Work order. Output exactly the first line of the listing and each line after it, through the line that contains "1993 WWF Doink The Clown shirt"; add nothing else.

-- -- --

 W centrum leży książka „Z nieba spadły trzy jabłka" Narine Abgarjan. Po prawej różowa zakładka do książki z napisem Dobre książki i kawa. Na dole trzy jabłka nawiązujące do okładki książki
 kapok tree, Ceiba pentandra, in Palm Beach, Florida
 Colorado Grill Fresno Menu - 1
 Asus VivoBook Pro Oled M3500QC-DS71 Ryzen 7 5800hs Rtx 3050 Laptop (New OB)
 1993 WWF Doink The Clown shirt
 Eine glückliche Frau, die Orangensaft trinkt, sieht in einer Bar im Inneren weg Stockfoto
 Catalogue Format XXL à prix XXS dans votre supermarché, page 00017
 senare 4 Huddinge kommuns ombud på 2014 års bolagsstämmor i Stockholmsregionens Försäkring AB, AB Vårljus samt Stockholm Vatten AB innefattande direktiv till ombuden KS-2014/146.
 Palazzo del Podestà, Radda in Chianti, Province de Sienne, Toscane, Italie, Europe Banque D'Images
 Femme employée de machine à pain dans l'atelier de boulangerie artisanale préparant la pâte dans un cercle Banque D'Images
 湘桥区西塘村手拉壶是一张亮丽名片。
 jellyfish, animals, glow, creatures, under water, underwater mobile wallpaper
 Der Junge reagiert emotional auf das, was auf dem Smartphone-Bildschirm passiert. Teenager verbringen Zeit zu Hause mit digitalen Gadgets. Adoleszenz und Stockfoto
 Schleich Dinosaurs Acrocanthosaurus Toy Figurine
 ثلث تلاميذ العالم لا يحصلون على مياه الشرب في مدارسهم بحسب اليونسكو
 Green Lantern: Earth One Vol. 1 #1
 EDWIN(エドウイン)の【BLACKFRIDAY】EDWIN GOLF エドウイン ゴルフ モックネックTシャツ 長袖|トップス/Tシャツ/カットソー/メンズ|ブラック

-- -- --

Written answer.
 W centrum leży książka „Z nieba spadły trzy jabłka" Narine Abgarjan. Po prawej różowa zakładka do książki z napisem Dobre książki i kawa. Na dole trzy jabłka nawiązujące do okładki książki
 kapok tree, Ceiba pentandra, in Palm Beach, Florida
 Colorado Grill Fresno Menu - 1
 Asus VivoBook Pro Oled M3500QC-DS71 Ryzen 7 5800hs Rtx 3050 Laptop (New OB)
 1993 WWF Doink The Clown shirt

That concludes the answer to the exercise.